Awwww - they are breathtakingly gorgeous  Look so cute sharing their bed too! Best wishes, Karen.


----------



## kendal (Jul 16, 2009)

aww look at them. Maisys hair is growing in nice since her short cut. its amazing how dark she looks next to Ellie.


----------



## Carol (Jun 12, 2011)

Yeah, Maisy's coat has grown in nicely since her unfortunate shaving from the groomer last time!  I am now trimming her myself, just using the scissors at the moment, not brave enough to try clippers yet - plus I like her coat at about an inch and a half long and the clippers take it too short 

Thanks for the lovely comments everyone


----------



## caradunne (Nov 29, 2010)

They are absolutely gorgeous xx


----------



## Tressa (Aug 31, 2010)

Ooooh.

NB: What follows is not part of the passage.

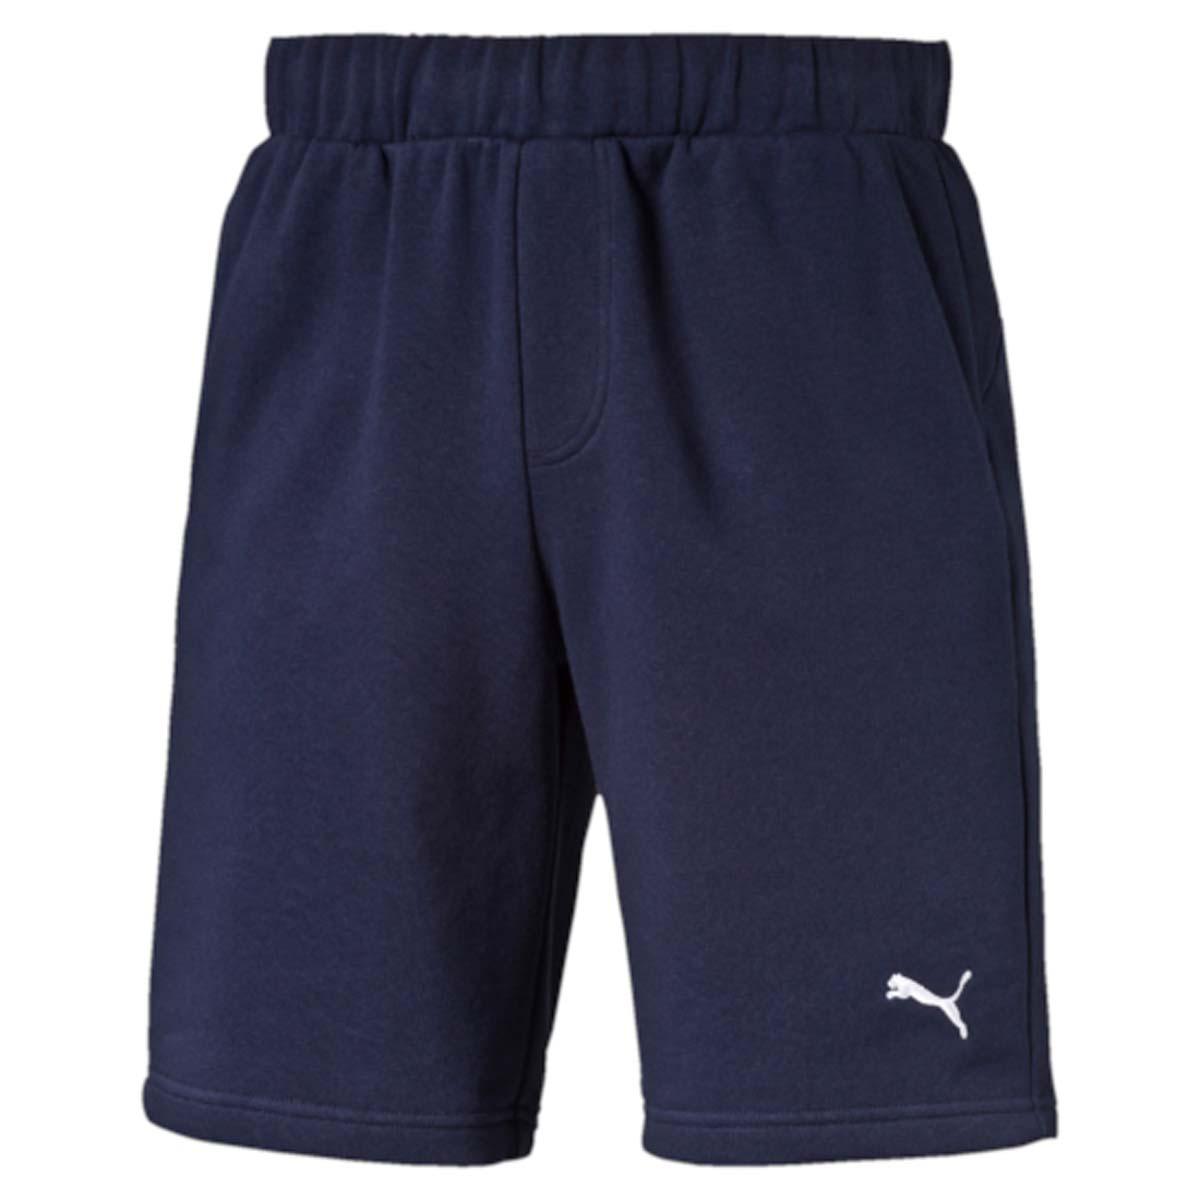 Шорты мужские Puma Ess Sweat Shorts 9, цвет: синий. 838260_06. Размер S (46/48)838260_06Шорты ESS Sweat Shorts 9, выполненные из хлопка и полиэстера, прекрасно подойдут для ежедневного использования, а также для тренировок. Шорты декорированы вышитым логотипом PUMA. Среди других отличительных особенностей изделия - пояс из его основного материала с продернутым затягивающимся шнуром, карманы в швах, а также нашитая сверху задняя кокетка для лучшей посадки по фигуре.

Every time I have convinced myself that I am going to be the owner of a single dog up comes photos like this........ They are so absolutely lovely.


----------



## Ali79 (Mar 30, 2011)

They are both gorgeous


----------



## Jedicrazy (Apr 26, 2011)

Hello Carol, they are gorgeous pooches. So nice that they are bet friends too


----------



## wilfiboy (Sep 18, 2010)

Cockapoodledoo said:


> How scrummy they are! Your little one looks just like a cuddly toy!
> 
> Karen x


Beautiful girls... Karen that was exactly what I was thinking


----------



## Mogdog (Feb 6, 2011)

Carol said:


>


What super photos, they look lovely together. Particularly liked this one where it looks like baby is holding onto Mummy's paw! Ahhhhhhh


----------



## lady amanda (Nov 26, 2010)

beautiful girls! nice photos thanks for sharing them


----------



## JulesB (Mar 6, 2011)

Love the photo's - both such gorgeous dogs! Little Ellie does look just like a teddy bear!!! Too cute!! x


----------



## bagelverse (Jan 20, 2010)

I love that "doodle dashing"....


----------



## sarahjo (Aug 6, 2010)

Awwww what a beautiful pair


----------



## Lozza (Jun 3, 2011)

Both your girls are absolutely gorgeous! You must be very proud. Soooo cute!!!!!


----------



## Carol (Jun 12, 2011)

Hi everyone and thanks so much for your lovely comments


----------



## MichelleE (Apr 2, 2011)

can you tell me what 'type' Ellie is - american, english, poodle size, etc...She looks exactly how I imagine pup number 2 to look when I get a friend for Poppy.


----------



## Jedicrazy (Apr 26, 2011)

So lovely to see them together! I like Maisy's coat too.


----------



## Carol (Jun 12, 2011)

MichelleE said:


> can you tell me what 'type' Ellie is - american, english, poodle size, etc...She looks exactly how I imagine pup number 2 to look when I get a friend for Poppy.


Hi Michelle

Ellie is an English show cocker x miniature poodle. I got her from a lady near Sheffield, I can let you have her details if you like, I know she is hoping one of her girls will have a litter later this year. As far as I know all of the pups she breeds have been blonde/apricot. Here are some pics I took of Ellie after her bath on Sunday, she looks lighter in these photos.


----------



## Carol (Jun 12, 2011)

Jedicrazy said:


> So lovely to see them together! I like Maisy's coat too.


Thanks Clare, people are always stopping us to say what a lovely colour Maisy is, she is golden but can also look quite red especially when she's wet (which is a lot of the time! lol)


----------



## weez74 (Feb 9, 2011)

Oh my goodness, what gorgeous doggies! Lucky, lucky you! So nice that they are best friends too.


----------



## MichelleE (Apr 2, 2011)

Thanks for the info and the extra photos. She looks so much smaller than Poppy in the photos, I thought she might have been an american. Poppy is English Show and Miniature cross, and just weighed in at 6.25kg at 16 weeks. Think she is about 12 inches to shoulder, but she keeps moving and trying to eat the tape measure, so can't be sure! Any idea what Ellie weighs?


----------



## Carol (Jun 12, 2011)

Think Ellie weighs about 5.6 kg, she's 19 weeks tomorrow. she's about 12 inches to the shoulder I think but you're right - it's hard to measure when they are squirming about and grabbing the tape measure!


----------



## MISSIEMUM (Apr 13, 2011)

oooh they are lovely


----------